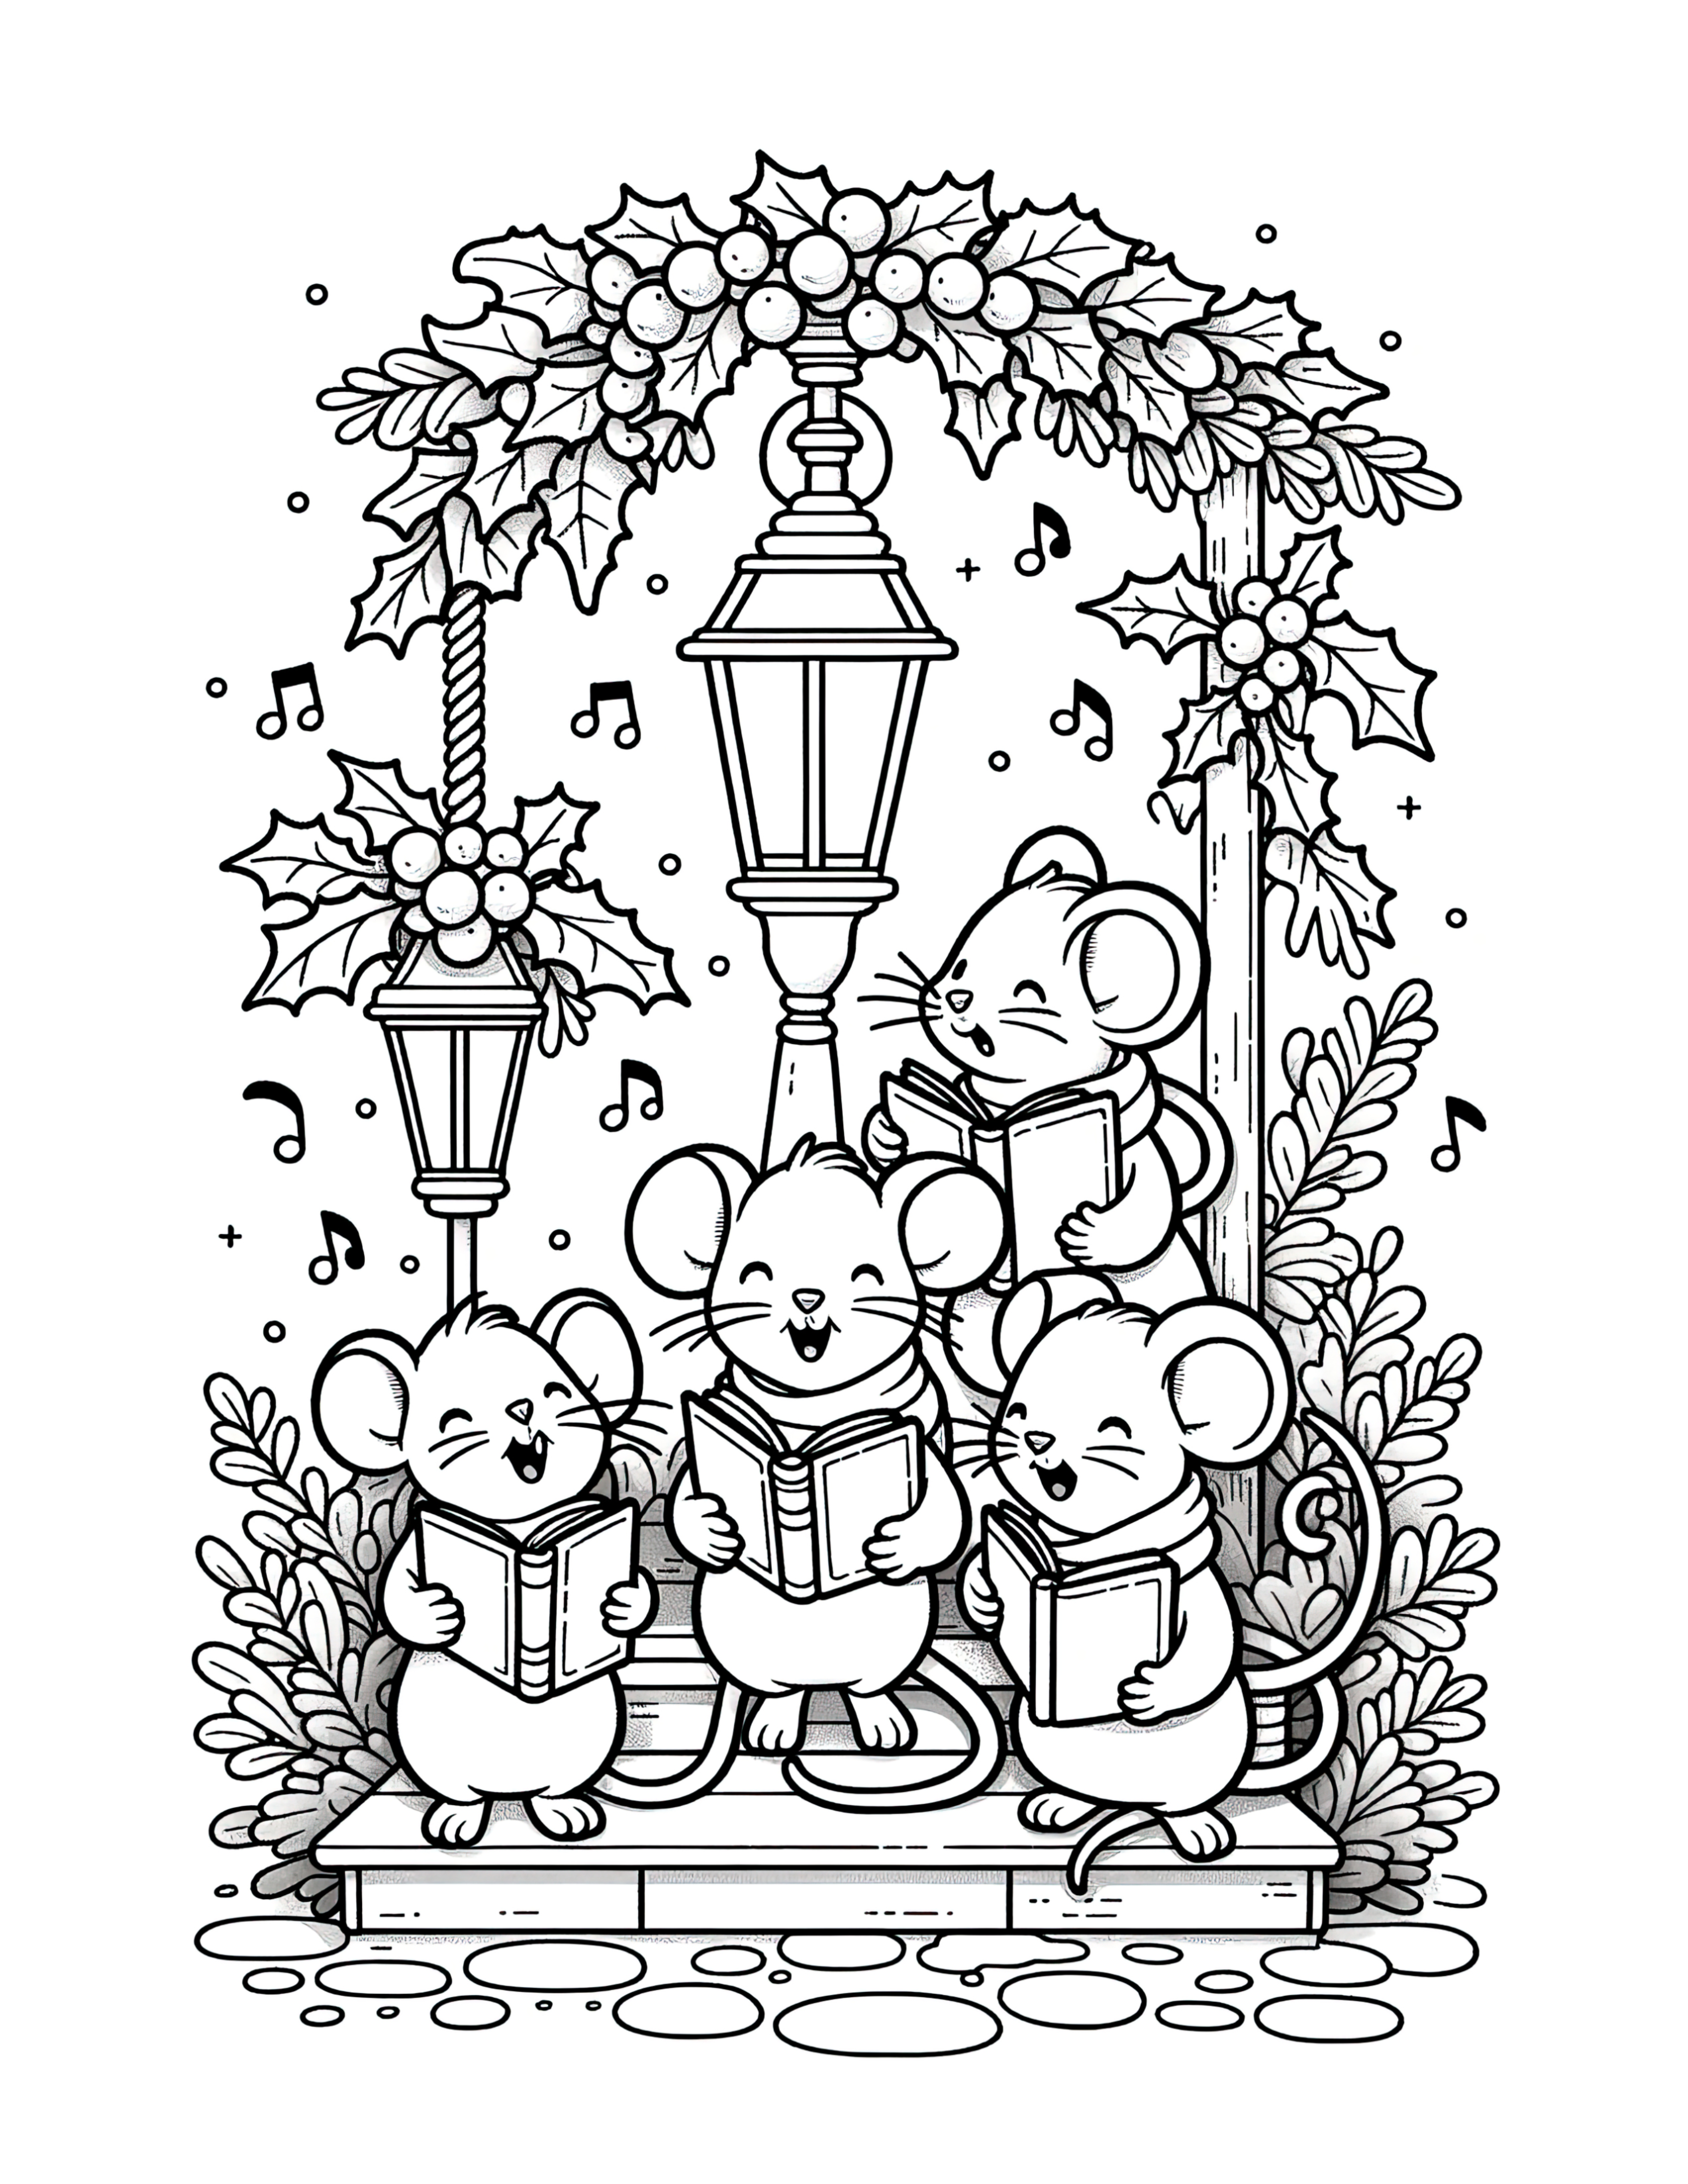 Mice Singing Coloring Page
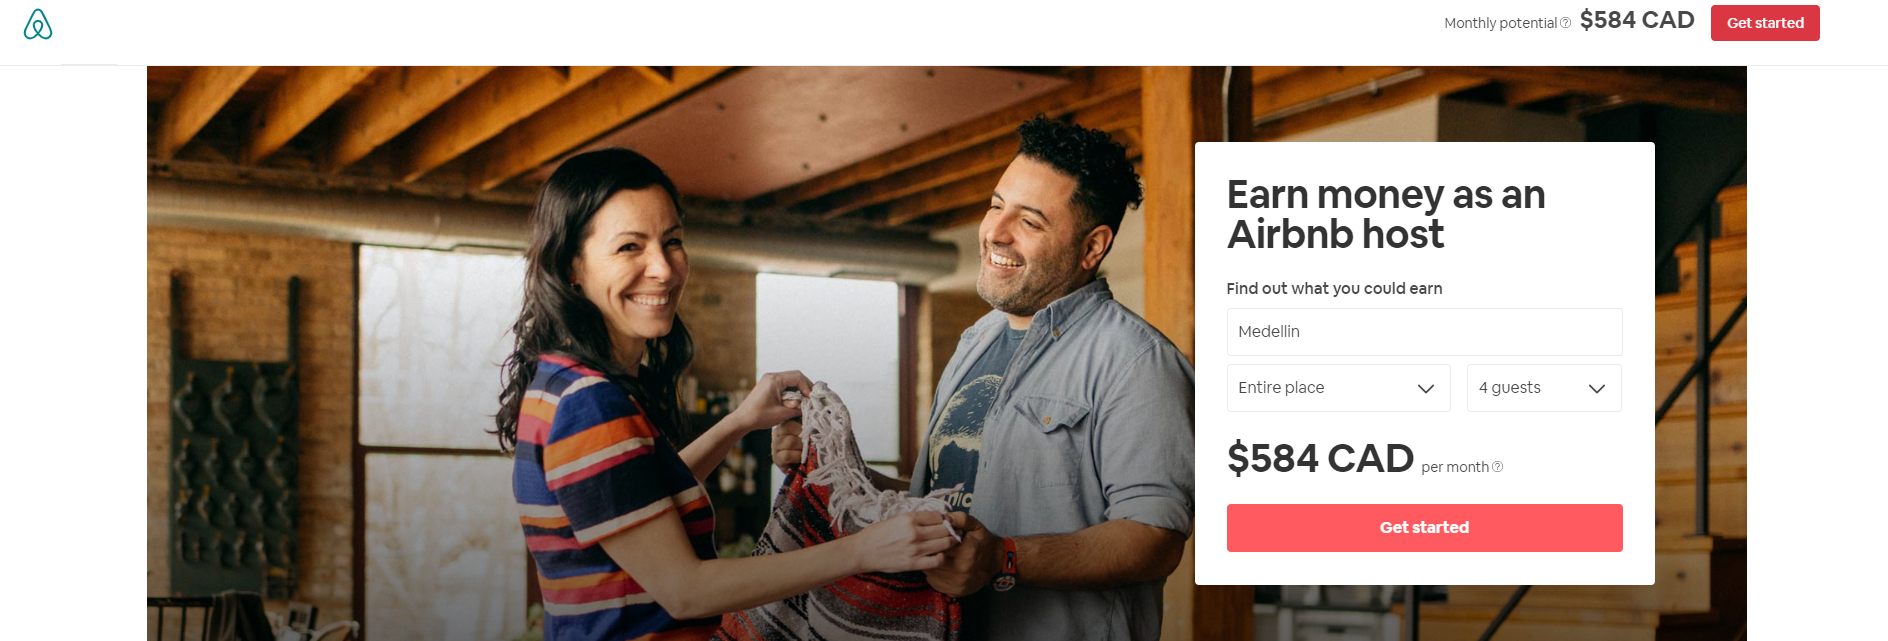 Make-money-with-AirBnB
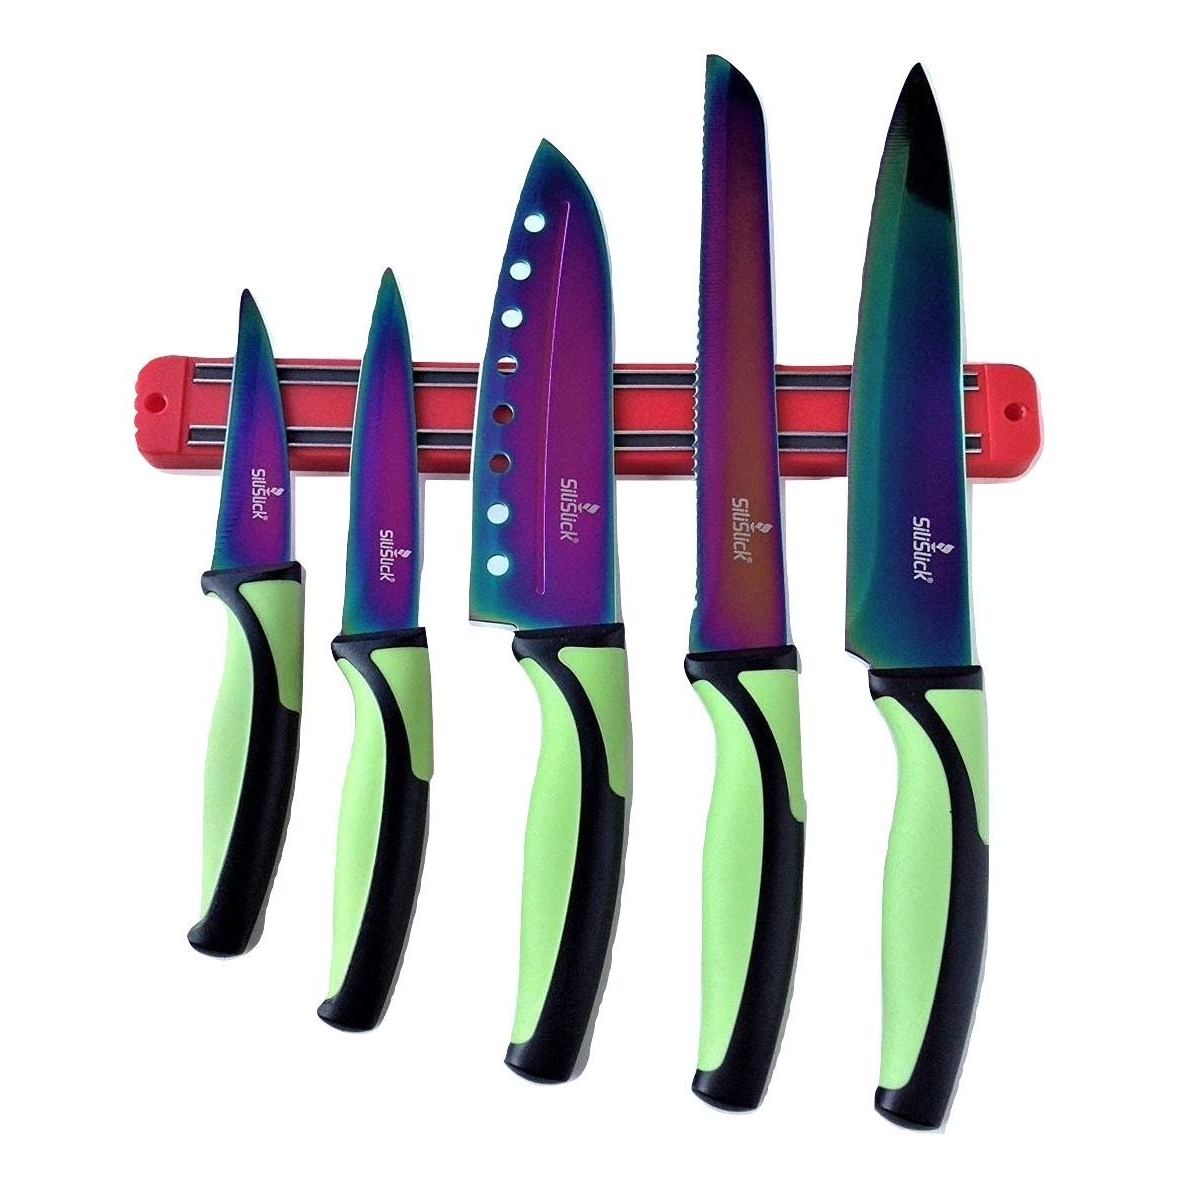 Magnetic Knife/Tool Rack - 2 Red
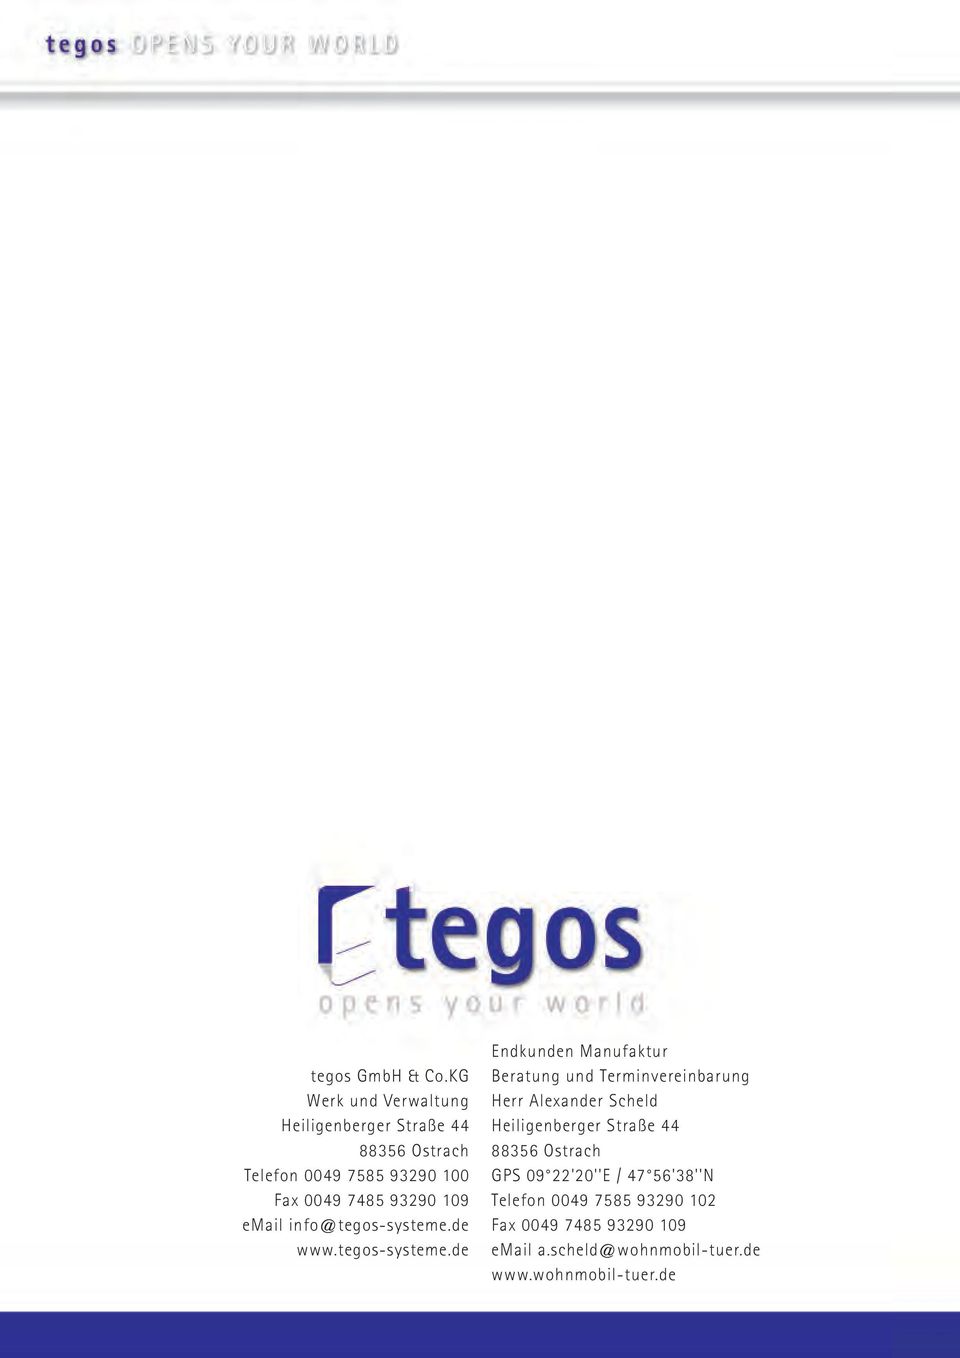 93290 109 email info@tegos-systeme.

Task item: Return the material above verbatim. Pictures are to be excluded.

Answer section:
 Mice Singing Coloring Page
 Make-money-with-AirBnB
 Magnetic Knife/Tool Rack - 2 Red
 93290 109 email info@tegos-systeme.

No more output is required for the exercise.